Can you crack the password to get the flag? Download the password checker here and you'll need the encrypted flag and the hash in the same directory too. Here's a dictionary with all possible passwords based on the password conventions we've seen so far.

This task isn't too different from the last two, except, rather than having the password list included in the level5.py file, the list of passwords is in a separate dictionary.txt file. Inside the level_5_pw_check() function, I opened the file and assigned the file object to the pw_list variable. Next, I commented out the following line, and then I created a for loop to iterate over each line from the list of passwords.

To remove any whitespace in the provided passwords, I used the strip() method on the password being iterated over and assigned it to the variable user_pw, since I'd removed the original. Finally, I nested the rest of the function into the for loop.

...

def level_5_pw_check():
    pw_list = open('dictionary.txt')
    # user_pw = input("Please enter correct password for flag: ")
    for password in pw_list:
        user_pw = password.strip()
        user_pw_hash = hash_pw(user_pw)
        print(user_pw_hash)

        if( user_pw_hash == correct_pw_hash ):
            print("Welcome back... your flag, user:")
            decryption = str_xor(flag_enc.decode(), user_pw)
            print(decryption)
            return
        print("That password is incorrect")

level_5_pw_check()

runme.py

Run the runme.py script to get the flag. Download the script with your browser or with wget in the webshell.

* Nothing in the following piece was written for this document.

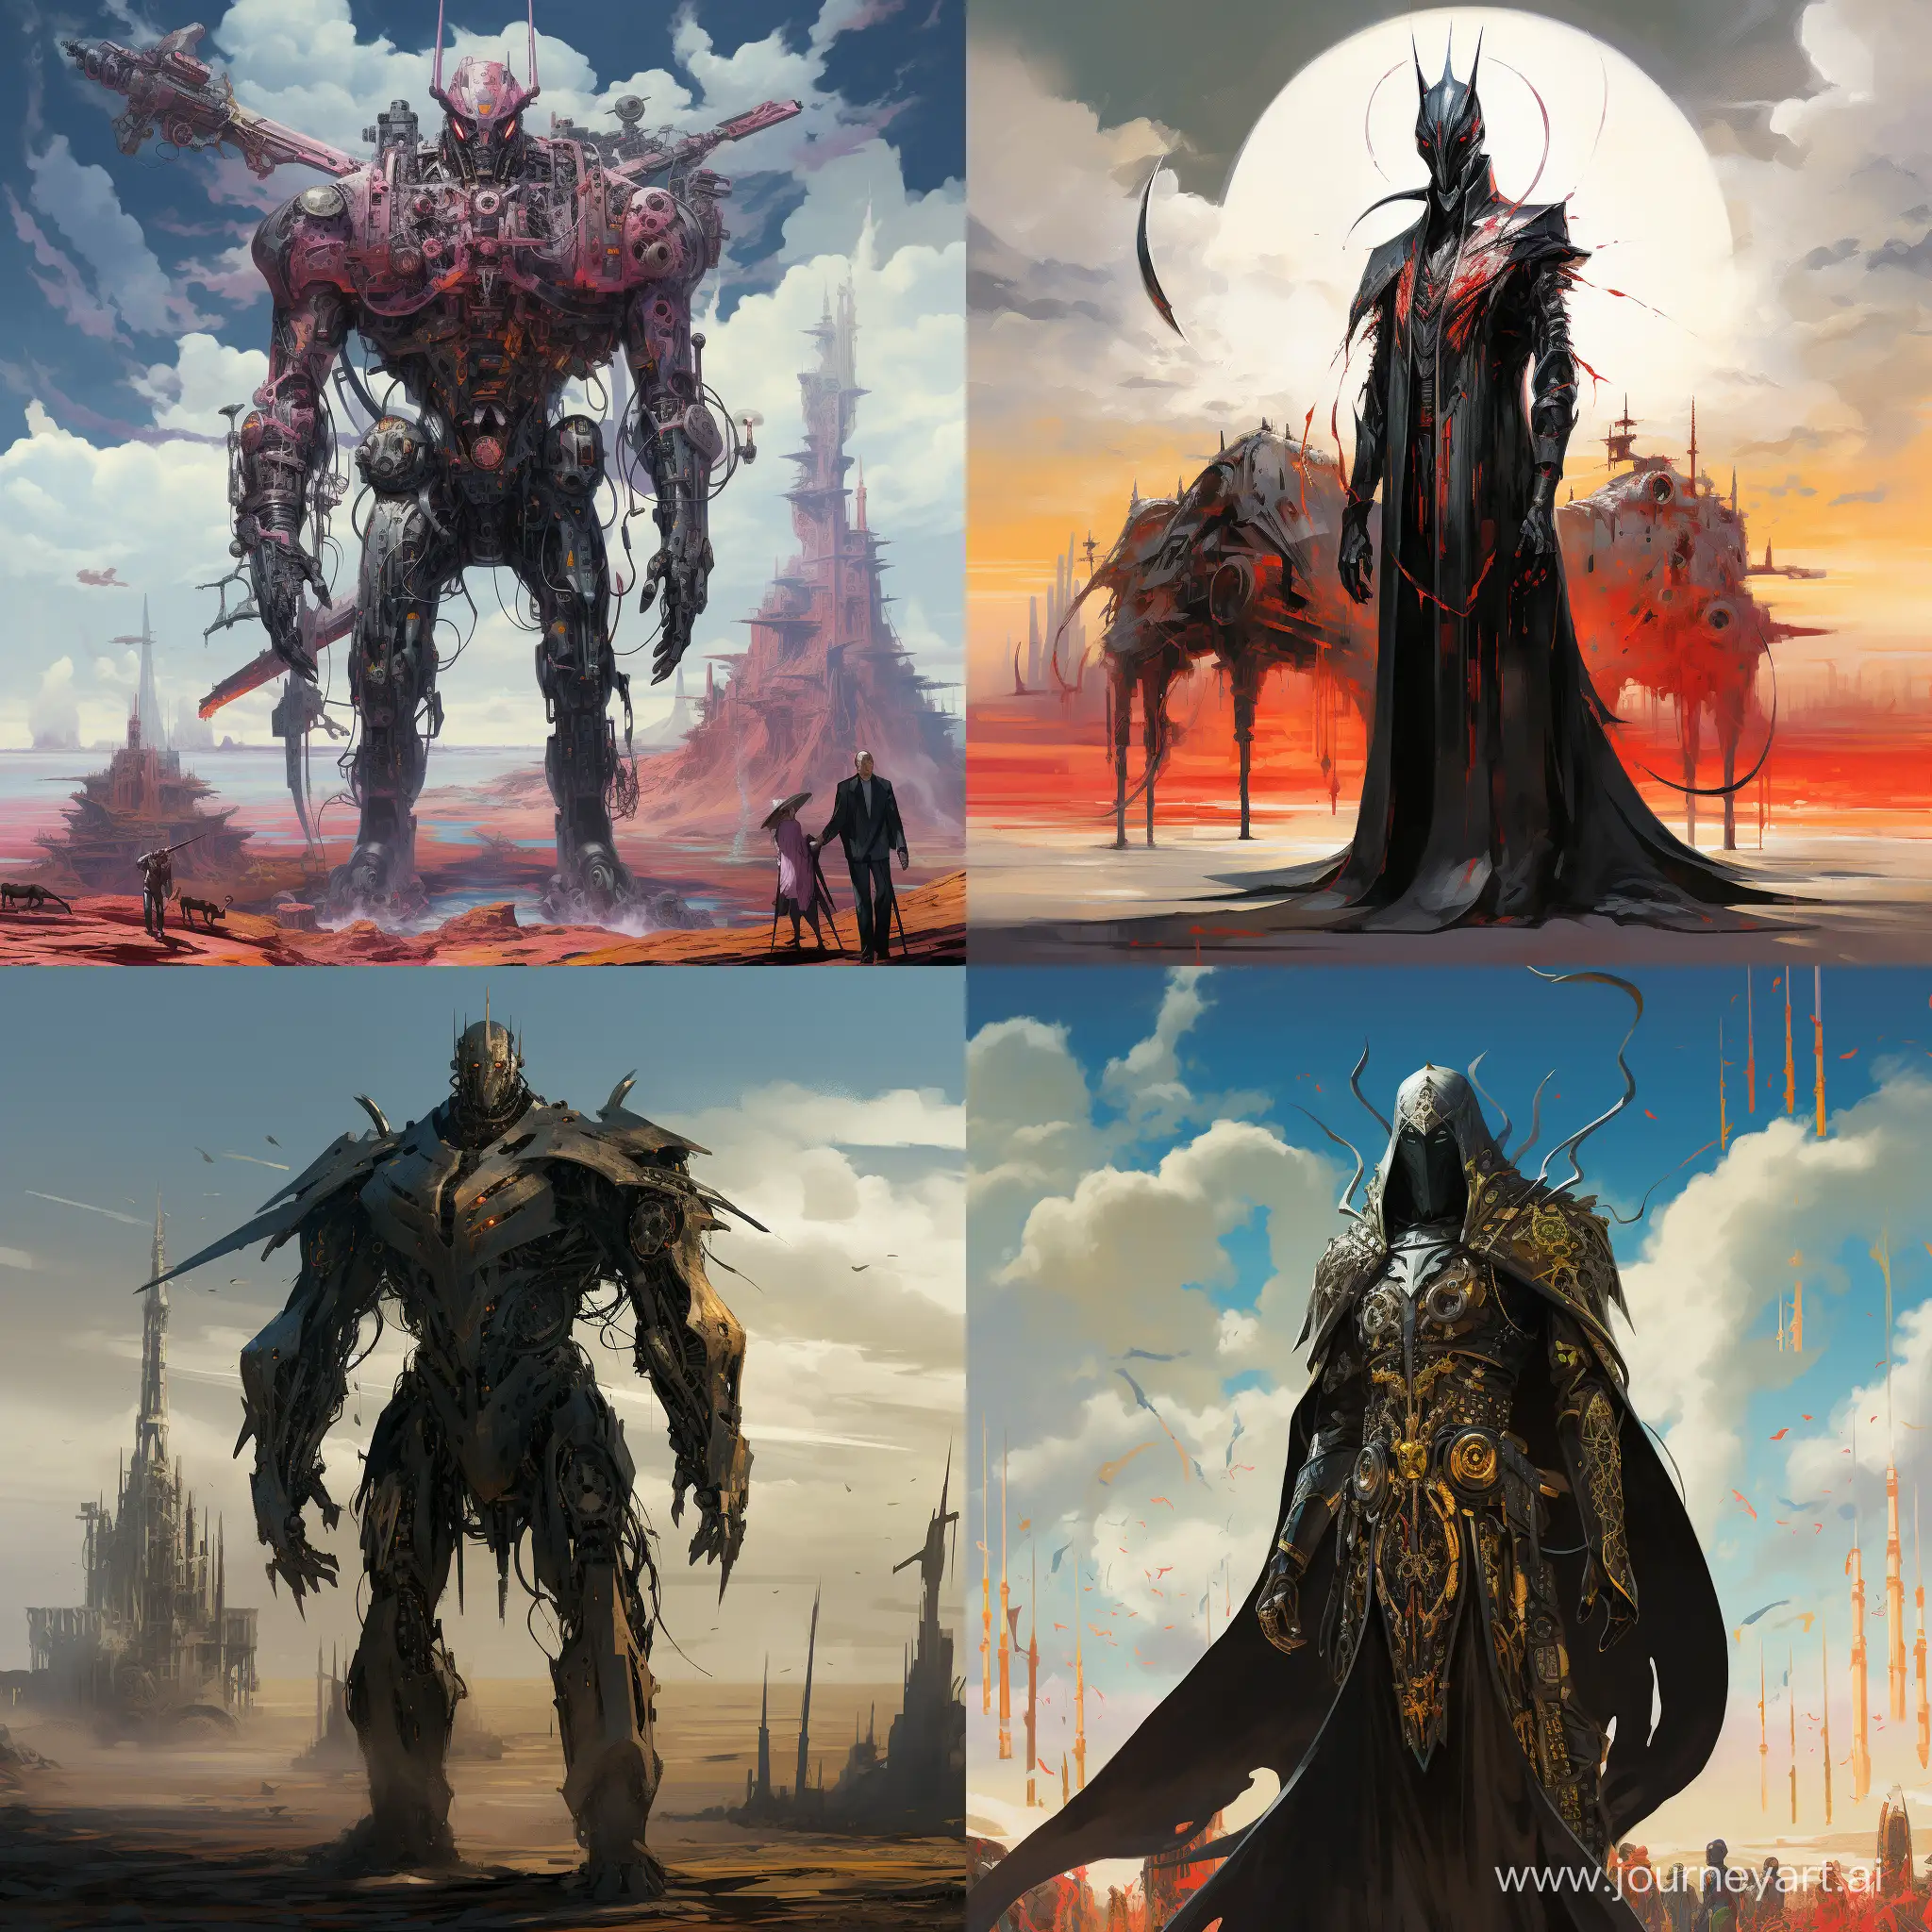 stands tall, ::1.1, The Black knight stands tall in interesting unusual armor , in cyberpunk::1.1 style, stands tall, explosion of color, abstraction, unusual

I simply ran the script using python3 runme.py.

Serpentine

Find the flag in the Python script!

Running the Python script, I noticed "option 'b'" is supposed to return the flag, but instead of the flag, a message is returned telling me to check the source code to find the print_flag function.

Looking at the code, inside the print_flag there's a print function that's supposed to print out a sequence of Python 'chr()' function calls after converting from hexadecimal values to ASCII characters. I replaced the string that prints in the 'b' option with the print_flag() function call. After running the script again and selecting "option 'b'," I'm able to access the flag.

    elif choice == 'b':
      print_flag()

Lessons Learned

  1. I gained greater familiarity with analyzing Python scripts for errors or concealed information.

  2. Instead of manually entering values into the password input, I successfully automated the task using for loops.

Overall, the "Beginner picoMini 2022" CTF challenges were a simple introduction to CTFs and working with Python scripts. By analyzing Python scripts, utilizing online tools, and implementing automation techniques, I was able to practice my problem-solving skills in cybersecurity and programming.